Making WordPress.org

Opened 5 years ago

Closed 5 years ago

Last modified 4 years ago

#4753 closed enhancement (fixed)

Obfuscate profile links

Reported by: jonoaldersonwp's profile jonoaldersonwp Owned by:
Milestone: Priority: high
Component: Profiles Keywords: seo
Cc:

Description

Changing the way in which profile links output is part of broader approach to 'solving' spam profiles on wordpress.org. See https://www.jonoalderson.com/wordpress/wordpress-org-toxic-profile-spam/ for long-form research and rationale.

This part of the solution requires us to:

Change History (9)

#1 @Ipstenu
5 years ago

Would it be feasible to only disallow profiles that are blocked or flagged? We have the ability to mark an account as blocked, and logically that's the most common spammy profile we'll see.

Your example of profiles.wordpress.org/phathaiophunhuan/ is a banned account, so logically that should show ... nothing?

This ticket was mentioned in Slack in #forums by joyously. View the logs.


5 years ago

#3 @jonoaldersonwp
5 years ago

No, crawl prevention can only be handled via robots.txt, and it'd be impractical (and technically challenging) to adapt that dynamically based on bad profiles. I'm also not if/how sure this would be advantageous for us.

RE: banned accounts; as per my post, I expected some of the examples I highlighted to have been 'fixed' since I discovered them. See also, #4632

Last edited 4 years ago by SergeyBiryukov (previous) (diff)

#4 @dd32
5 years ago

I personally disagree with using something like /out/ as a redirect, however acknowledge that it's a easy way to deal with the years of spam links that we've accumulated that we're otherwise unable to detect.

As part of the other profiles changes, I've hidden the URL for banned accounts which helps a little bit.

Would using https://profiles.wordpress.org/out-redirect/$user suffice here though?

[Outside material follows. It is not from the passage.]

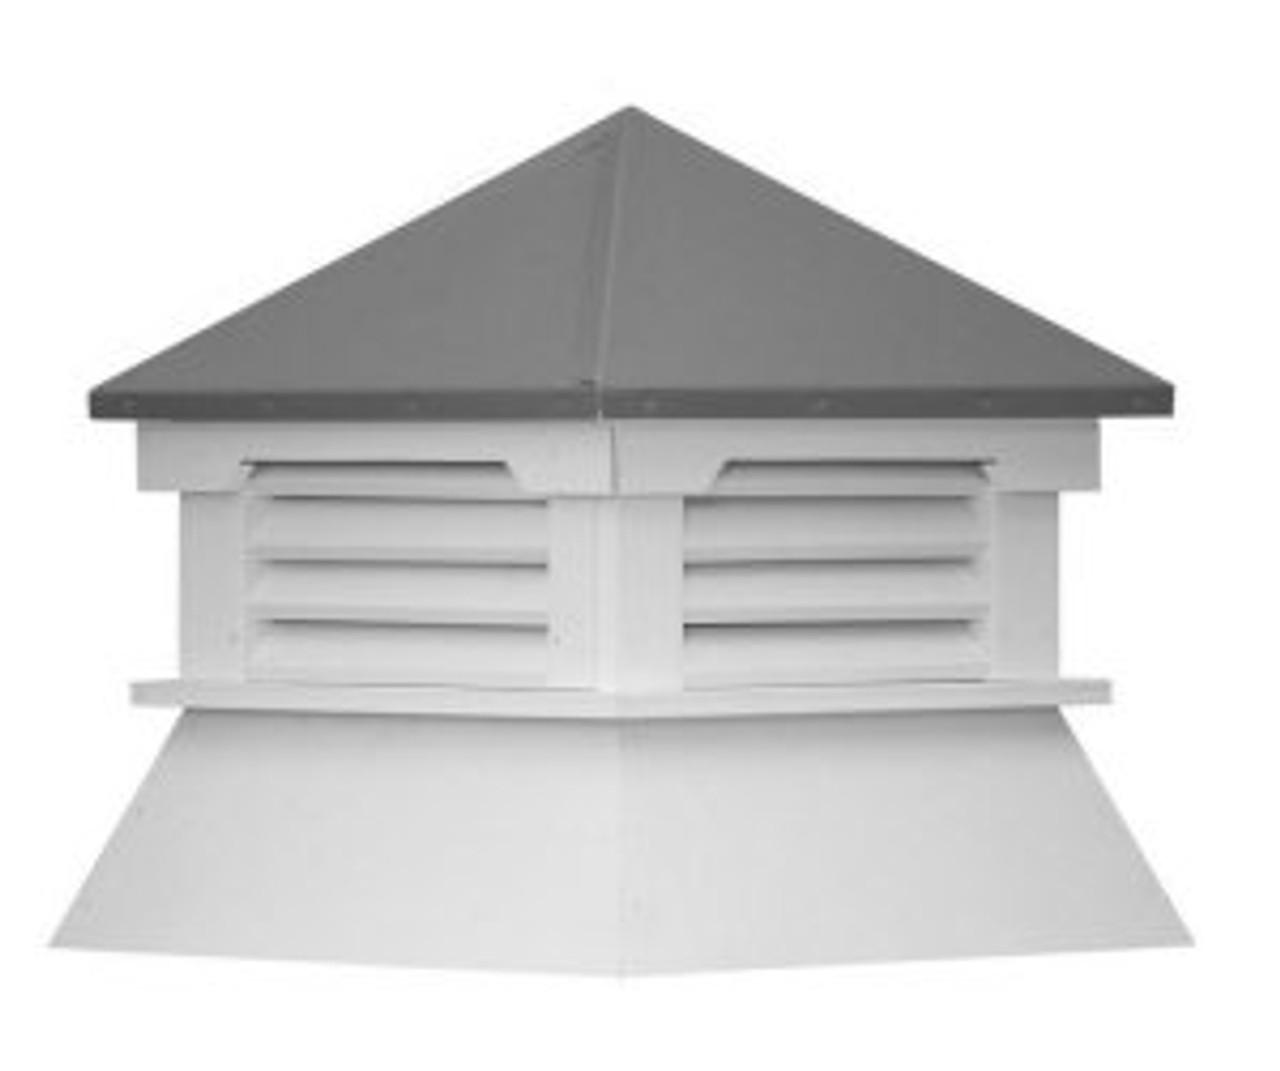 Cupola - Classic Shed: Azek - Aluminum Top - 21Lx21Wx23H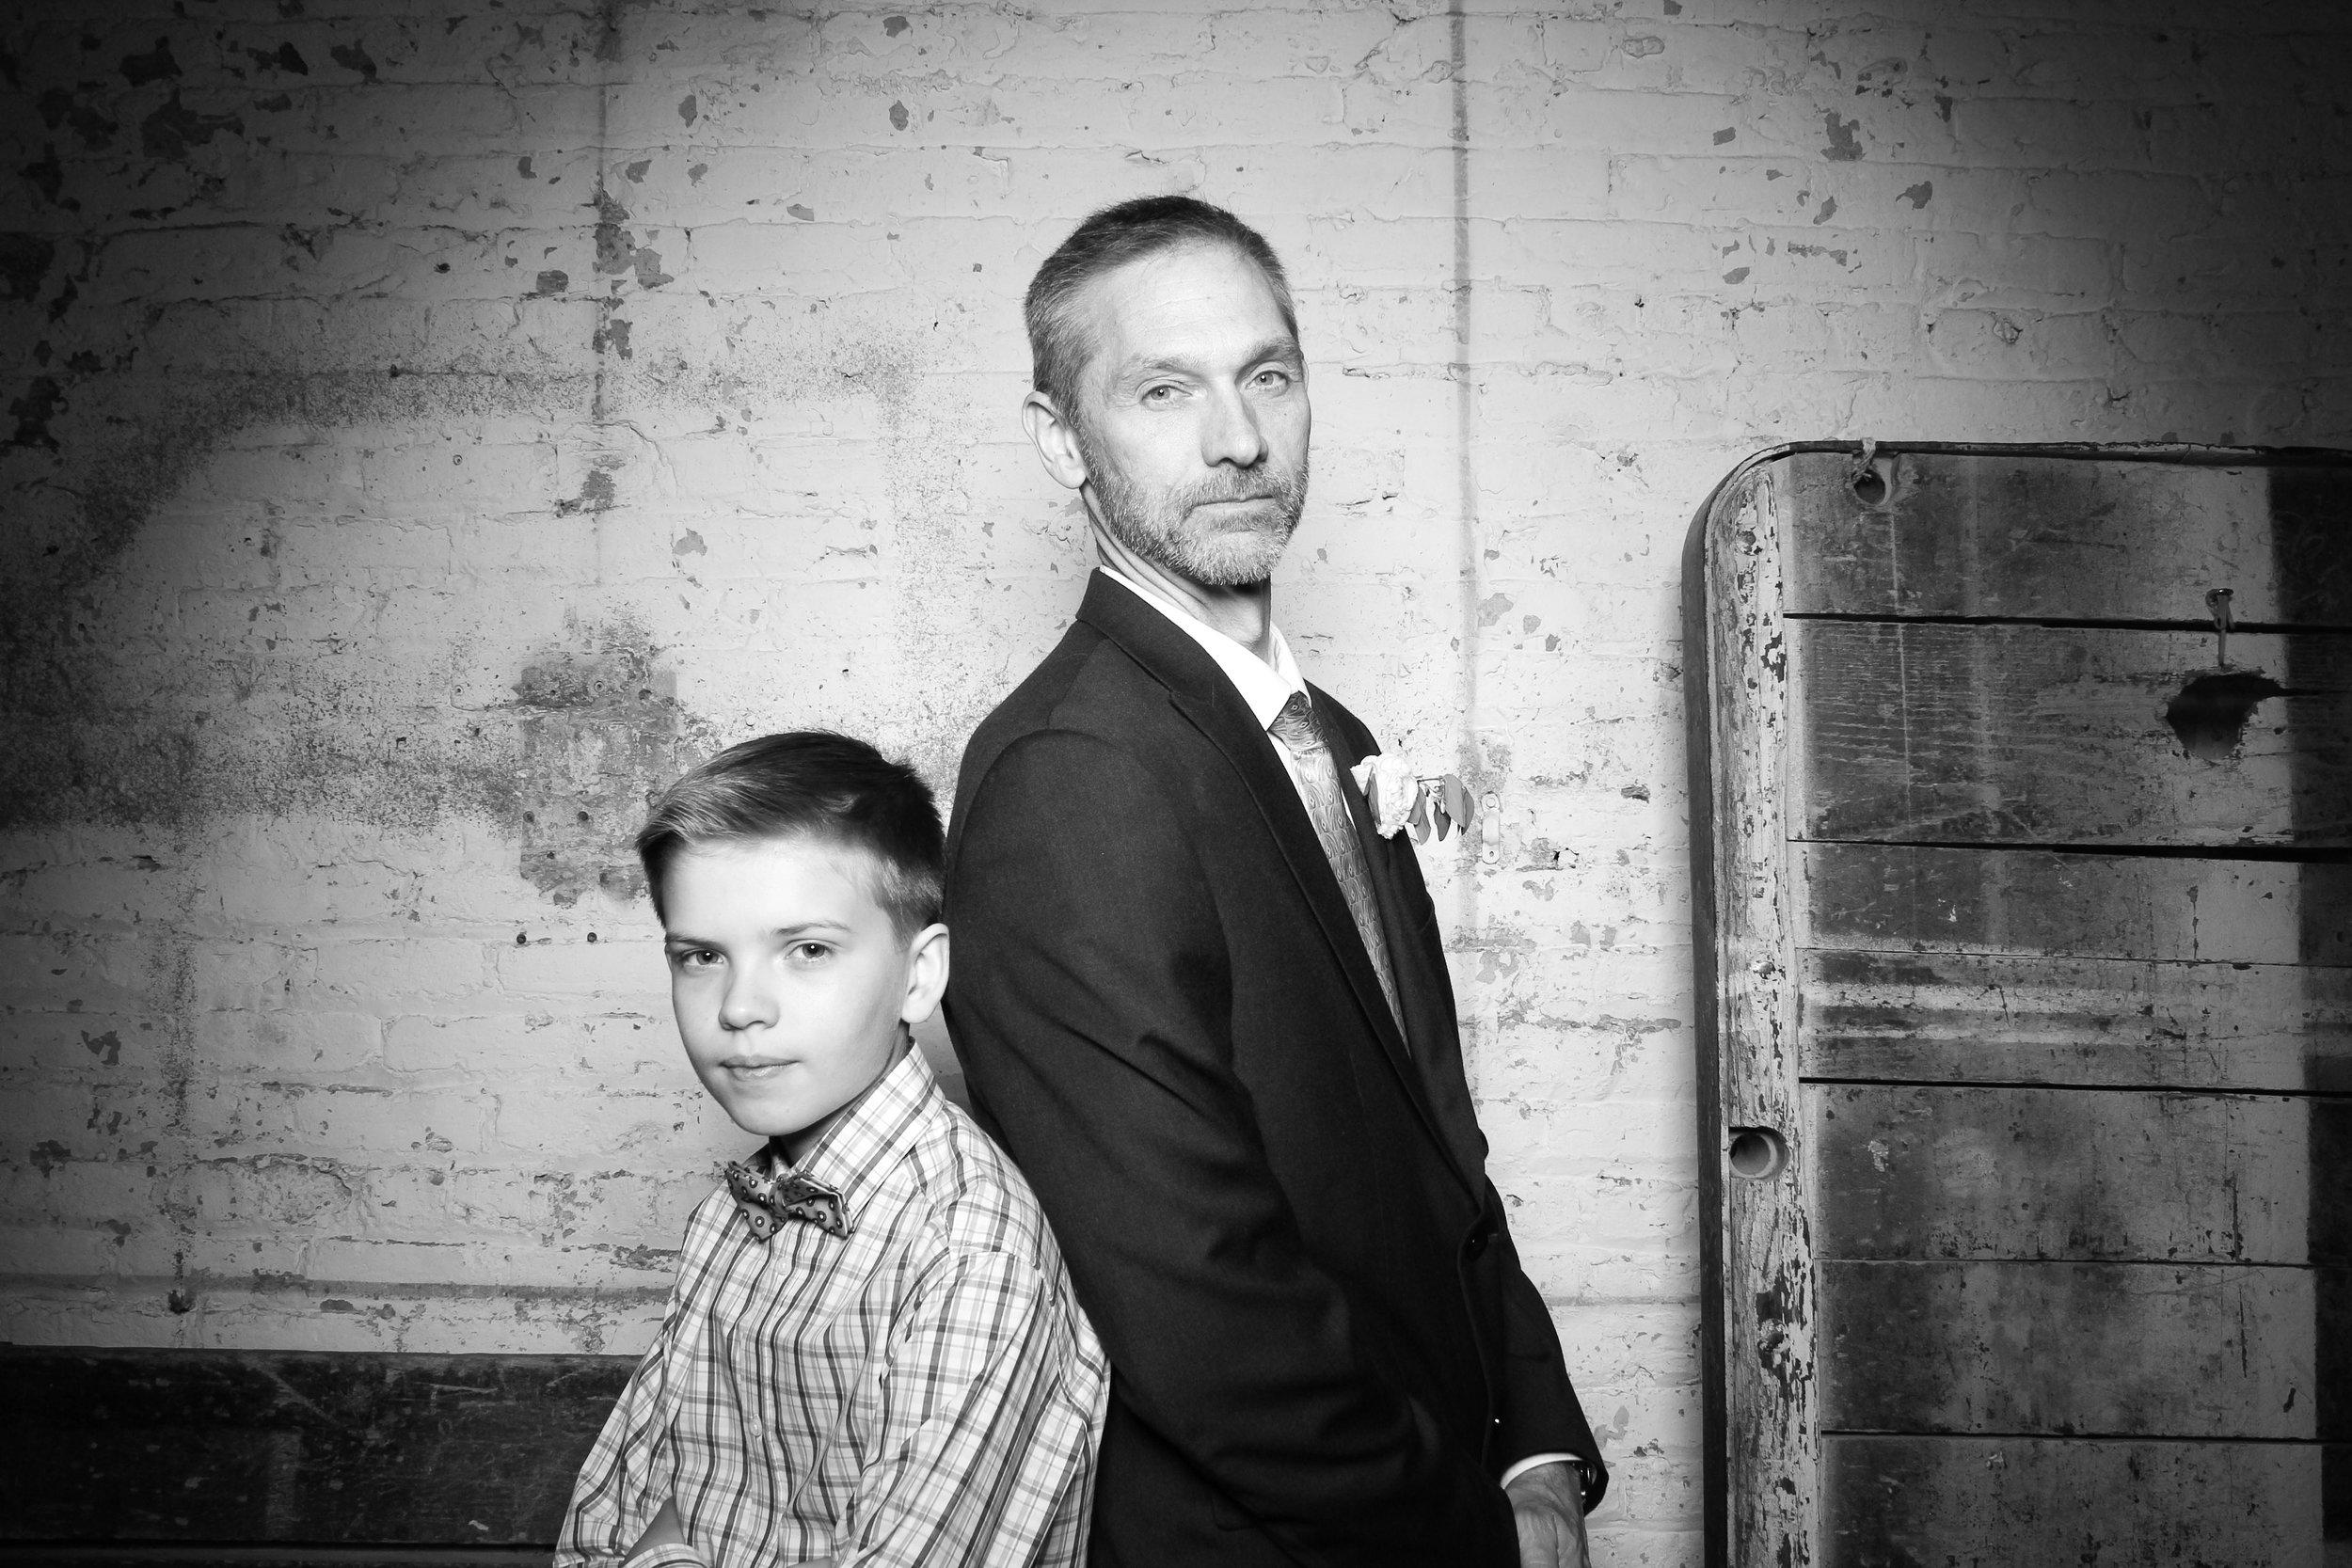 The_Joinery_Wedding_Venue_Logan_Square_Reception_17.jpg

AFAICT it doesn't need to be signed, or otherwise secret as long as it's within a directory that's not-a-user (such as the user 'out') and that can be blocked in the robots.txt?

#5 @jonoaldersonwp
5 years ago

Yep! :)

That example is fine - we're good as long as we're:

  • Obfuscating the URL so that automated spam tools can't (as easily) detect that their link is on the page.
  • Using a structure which we can disallow search engines from following in the robots.txt file

We could even simplify to something like /?redirect_profile_link.php?user=$user, if that's preferable.

#6 @dd32
5 years ago

  • Resolution set to fixed
  • Status changed from new to closed

Fixed in r15376-dotorg.

#7 @dd32
5 years ago

$ curl -s https://profiles.wordpress.org/dd32/ | grep 'dd32.id.au'
Website: <strong><a href="https://profiles.wordpress.org/website-redirect/dd32" title="https://dd32.id.au/" rel="nofollow">dd32.id.au</a></strong>

$ curl -Is --referer https://profiles.wordpress.org/dd32/ https://profiles.wordpress.org/website-redirect/dd32 | grep location
location: https://dd32.id.au/

$ curl https://profiles.wordpress.org/robots.txt
User-agent: *
Disallow: /wp-admin/
Allow: /wp-admin/admin-ajax.php
Disallow: /website-redirect/

#8 @jonoaldersonwp
5 years ago

  • Resolution fixed deleted
  • Status changed from closed to reopened

Could you remove the title attribute from the link, too, please?

#9 @dd32
5 years ago

  • Resolution set to fixed
  • Status changed from reopened to closed
Note: See TracTickets for help on using tickets.